* [AVAILABLE DATA]
====

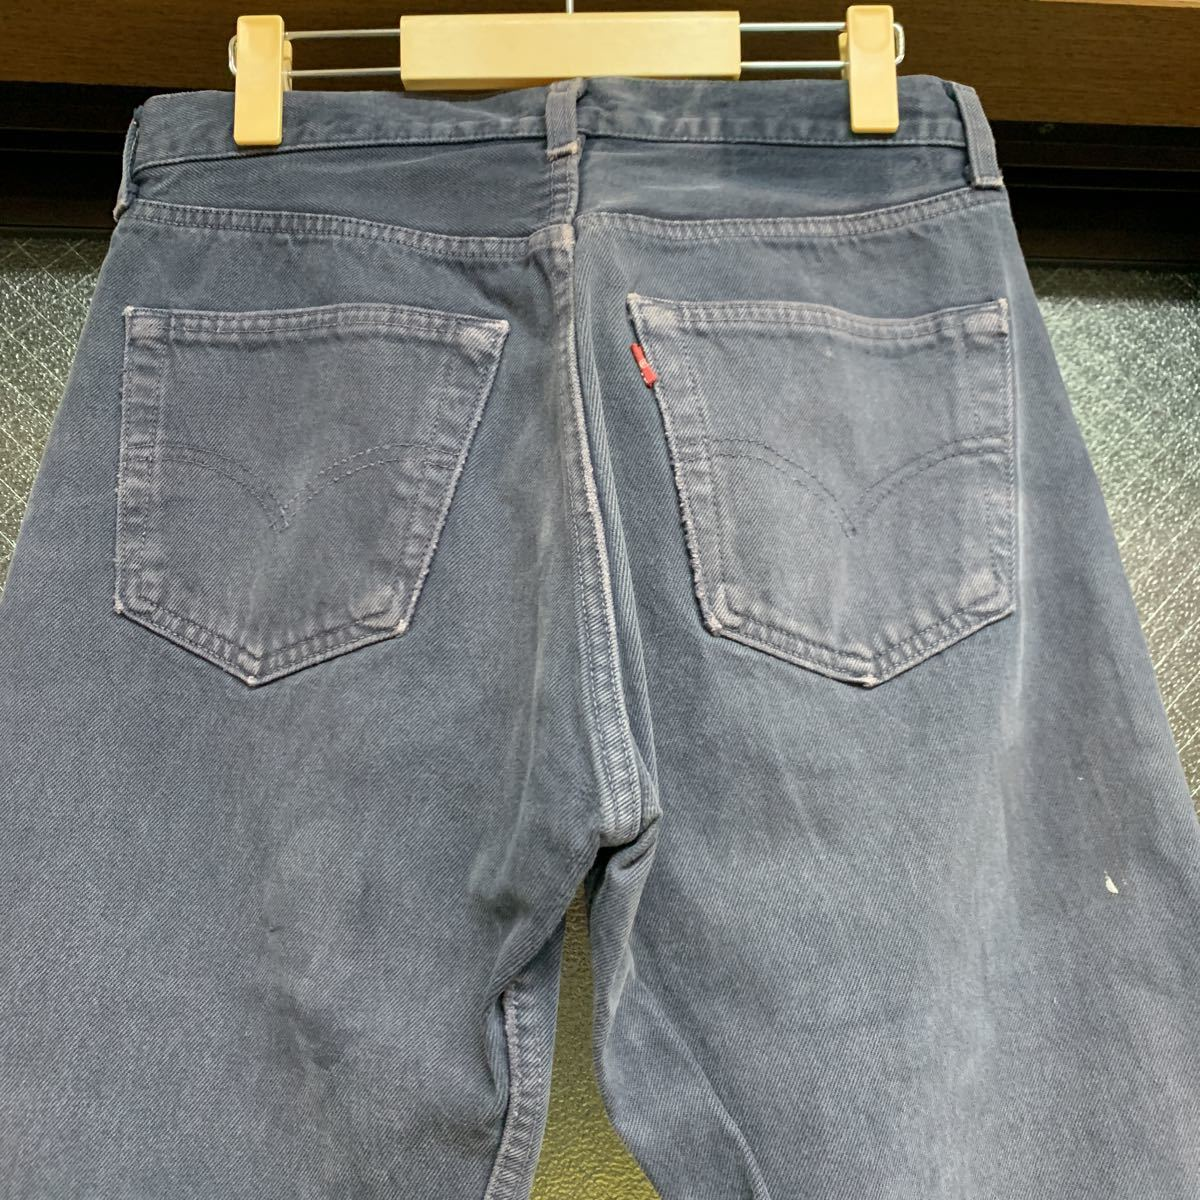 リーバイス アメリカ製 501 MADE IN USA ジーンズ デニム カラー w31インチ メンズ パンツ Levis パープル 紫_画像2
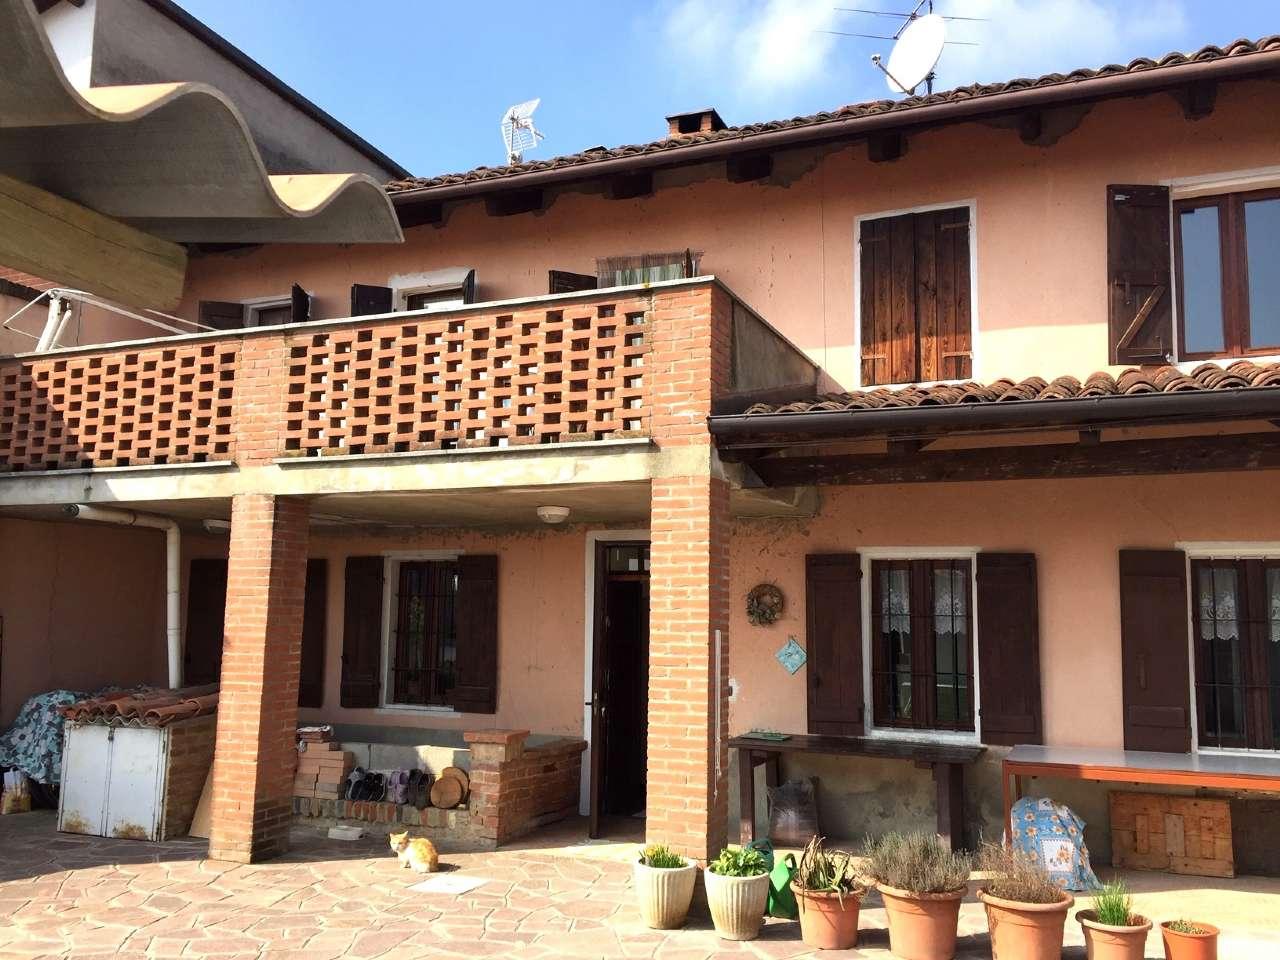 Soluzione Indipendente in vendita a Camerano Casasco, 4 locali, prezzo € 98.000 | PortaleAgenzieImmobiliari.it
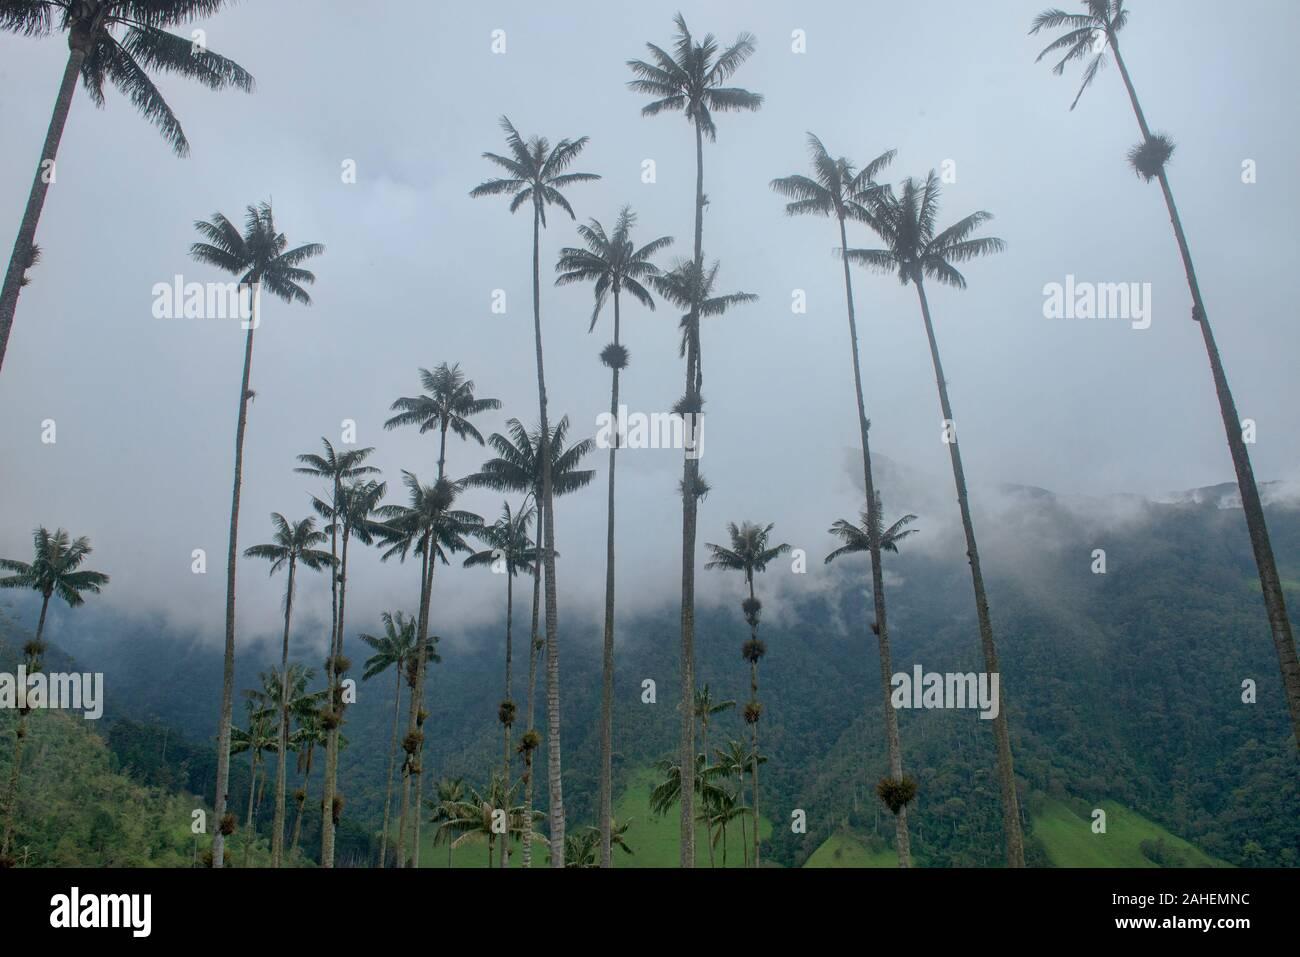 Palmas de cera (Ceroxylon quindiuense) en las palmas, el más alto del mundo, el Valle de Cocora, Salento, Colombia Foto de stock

====

* [TASK ITEM] To complete this exercise, repeat exactly the lines above from the one holding "Soluzione Indipendente in" to the end of the listing, both included, and leave the pictures out.

* [YOUR RESPONSE]
 Soluzione Indipendente in vendita a Camerano Casasco, 4 locali, prezzo € 98.000 | PortaleAgenzieImmobiliari.it
 Palmas de cera (Ceroxylon quindiuense) en las palmas, el más alto del mundo, el Valle de Cocora, Salento, Colombia Foto de stock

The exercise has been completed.